If you find it confusing, it is. It’s an unfortunate fact that a lot of the terminology that found its way into the Azure Infrastructure Service component was ported over from the PaaS components of Windows Azure. What made sense for the PaaS components unfortunately sometimes gets lost in translation when applied to the Azure Infrastructure Services offering. With that said, please let me know if you have questions on this and I will try to answer or I’ll ask Tom to write a post on this issue in the Building Clouds blog that he runs over on TechNet.

Defining the address space

Now that you have an understanding of how cloud services work in Azure Infrastructure Services, let’s go back and pick up where we left off the last time in our step-by-step process. We were creating an Azure Virtual Network and we were at the point where we need to define the address space that the remote access VPN clients will use when they connect to the Azure Virtual Network.

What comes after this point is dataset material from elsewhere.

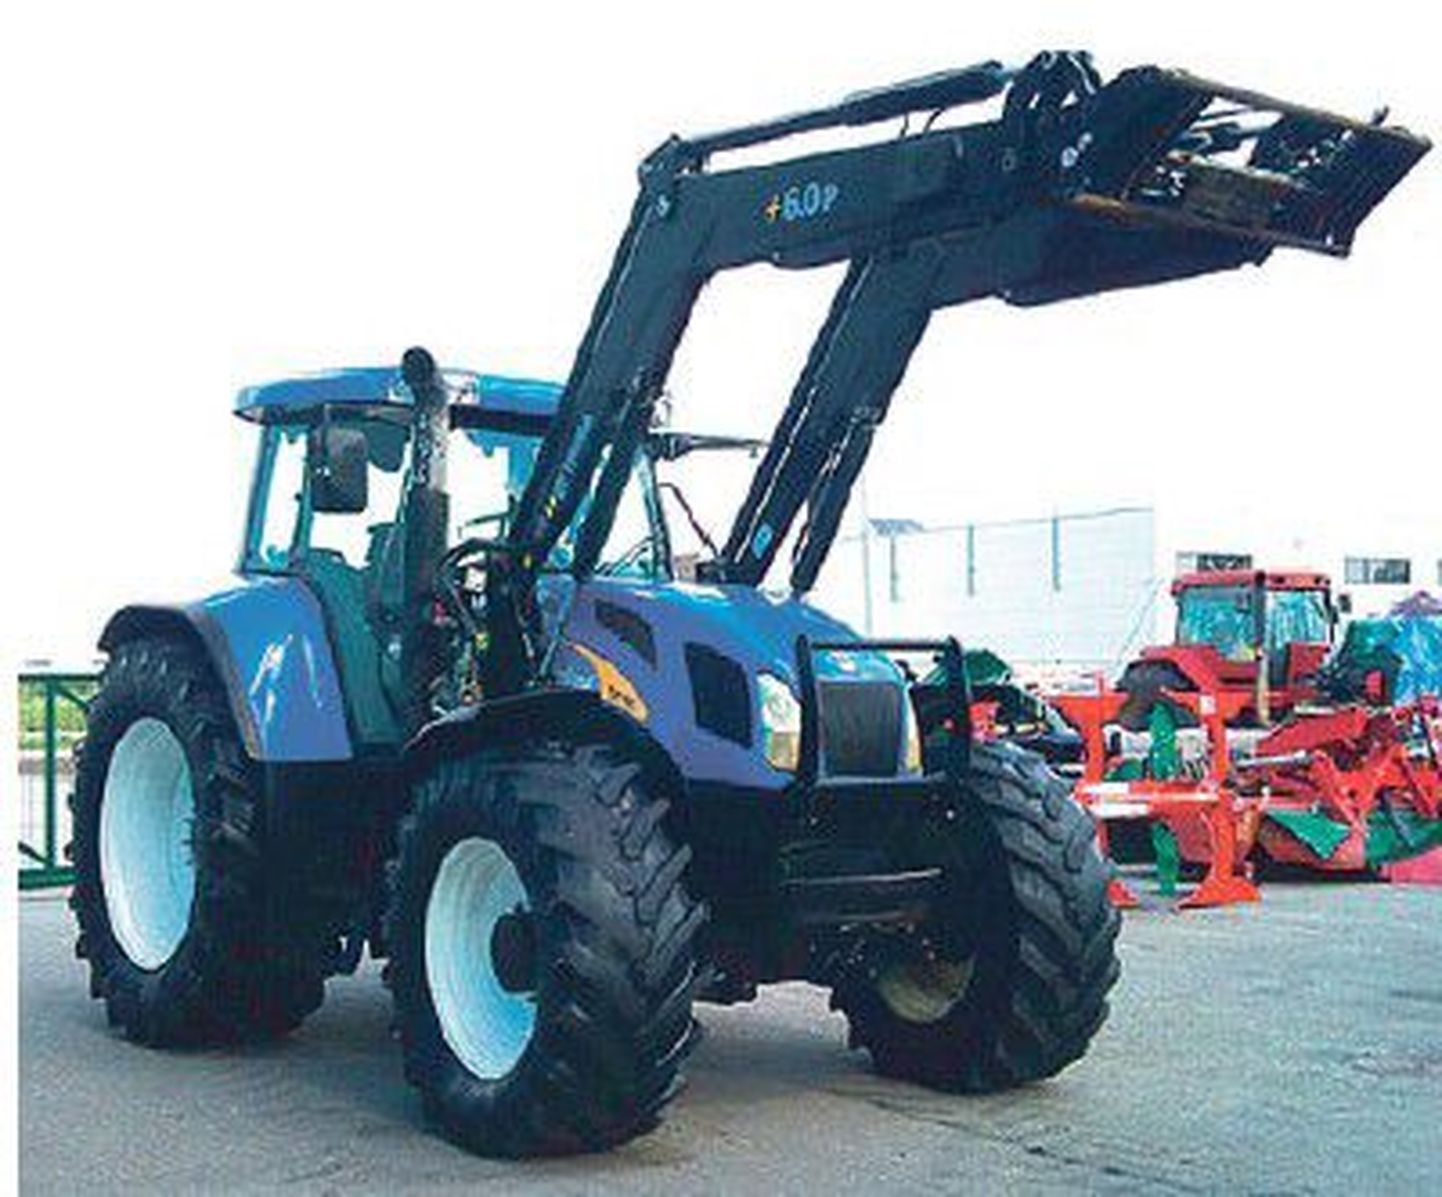 Pildil olev traktor New Holland TVT 195 on AS Dotnuvos Projektai veebiküljel müügis 49 000 euroga (hinnale lisandub käibemaks). Tegemist on 2007. aasta traktoriga, mis on läbinud 4495 töötundi.

These are the addresses that the VPN clients will be assigned by Windows Azure when they connect to the Azure Virtual Network. Doing this enables you to limit the number of VPN connections that will be allowed to connect to the Azure Virtual Network. Because only administrators should be connected to the Azure Virtual Network through a VPN connection, you are probably going to want to limit the number of connections that you want to allow to the Azure Virtual Network for security purposes.

The figure below shows you the interface for assigning the IP address. You can choose from the usual private address ranges:

  • 10.0.0.0
  • 172.16.0.0
  • 192.168.0.0

After you select the address space, then you need to choose the network mask you want to use to define the number of IP addresses that are in the address space, as shown in the figure below.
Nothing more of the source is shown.